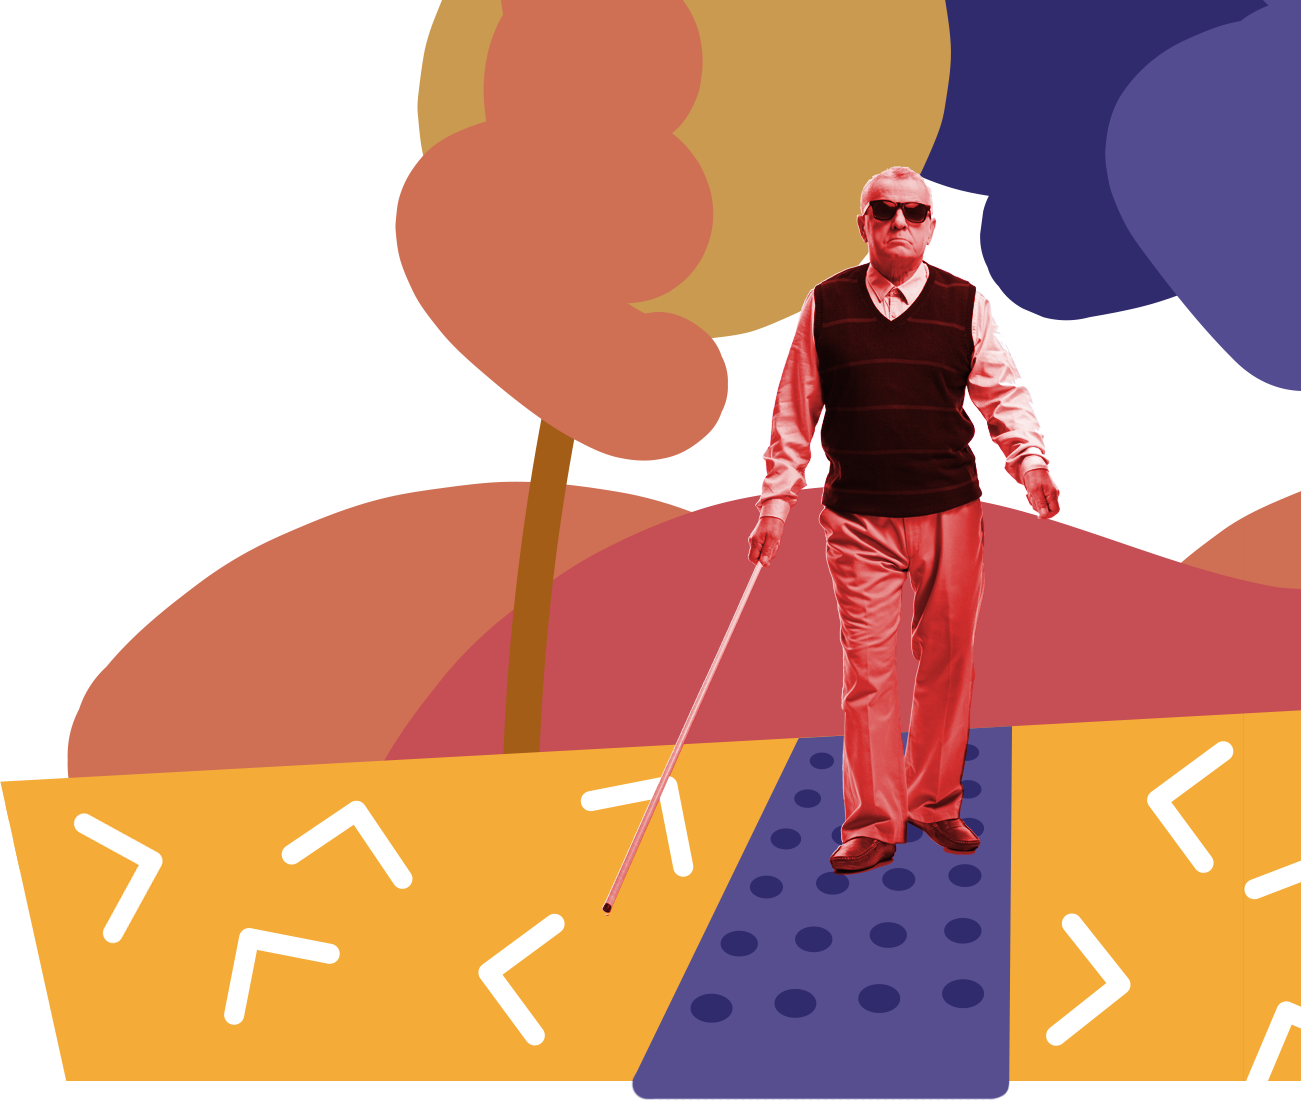 Homem cego caminhando em um parque com piso tátil em cenário construído de forma lúdica e cheio de cores.
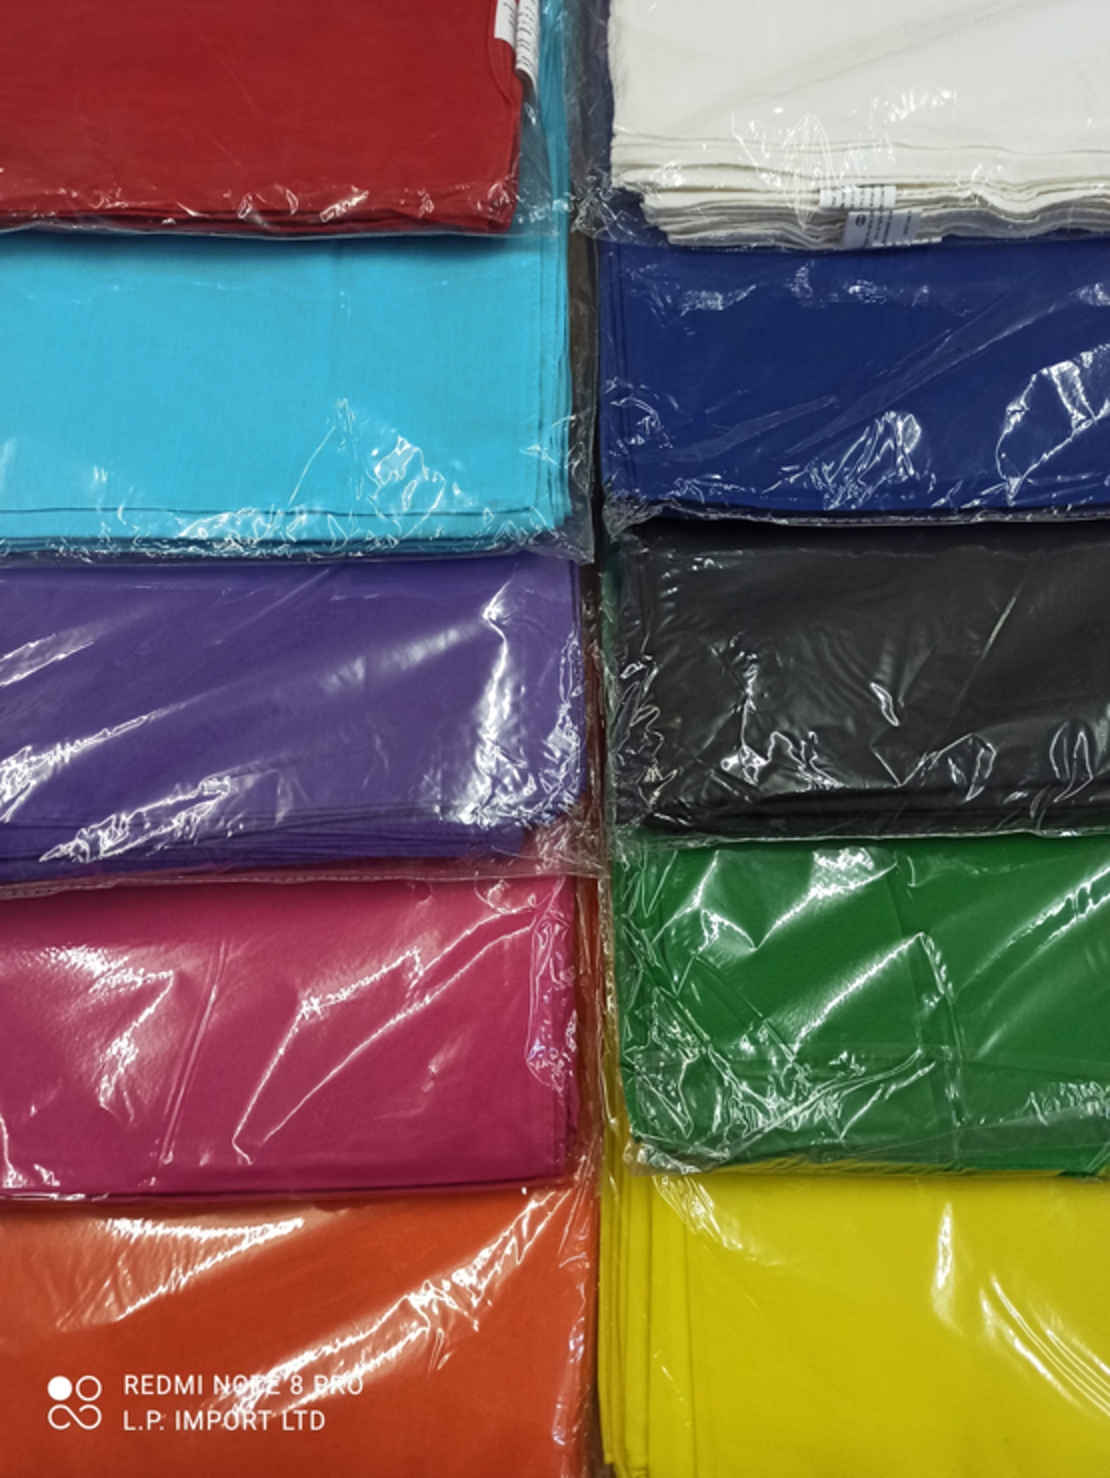 בנדנה חלקה צבע אחיד 12 יחידות מאותו הצבע באריזה אחת ניתן לבחור חבילות מצבע שונות או זהות סיטונאות.
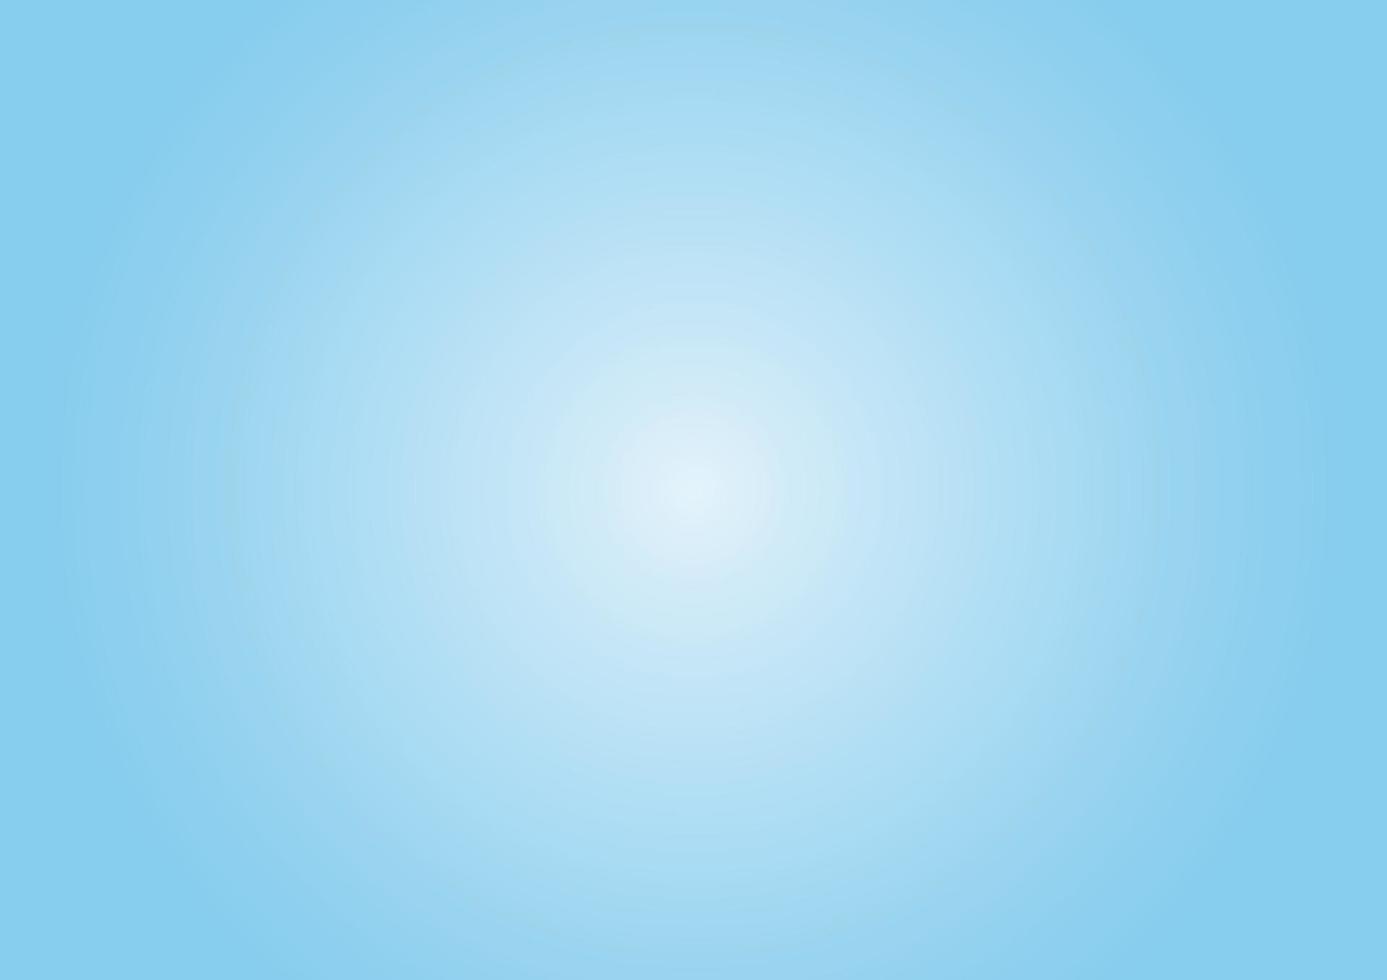 fondo degradado azul cielo. papel tapiz suave, liso, azul claro y blanco radial liso. diseño de ilustración vectorial eps 10. vector
....
— Your task —
Would you please copy the listing exactly, omitting every picture?

— Output below —
 Homem cego caminhando em um parque com piso tátil em cenário construído de forma lúdica e cheio de cores.
 בנדנה חלקה צבע אחיד 12 יחידות מאותו הצבע באריזה אחת ניתן לבחור חבילות מצבע שונות או זהות סיטונאות.
 fondo degradado azul cielo. papel tapiz suave, liso, azul claro y blanco radial liso. diseño de ilustración vectorial eps 10. vector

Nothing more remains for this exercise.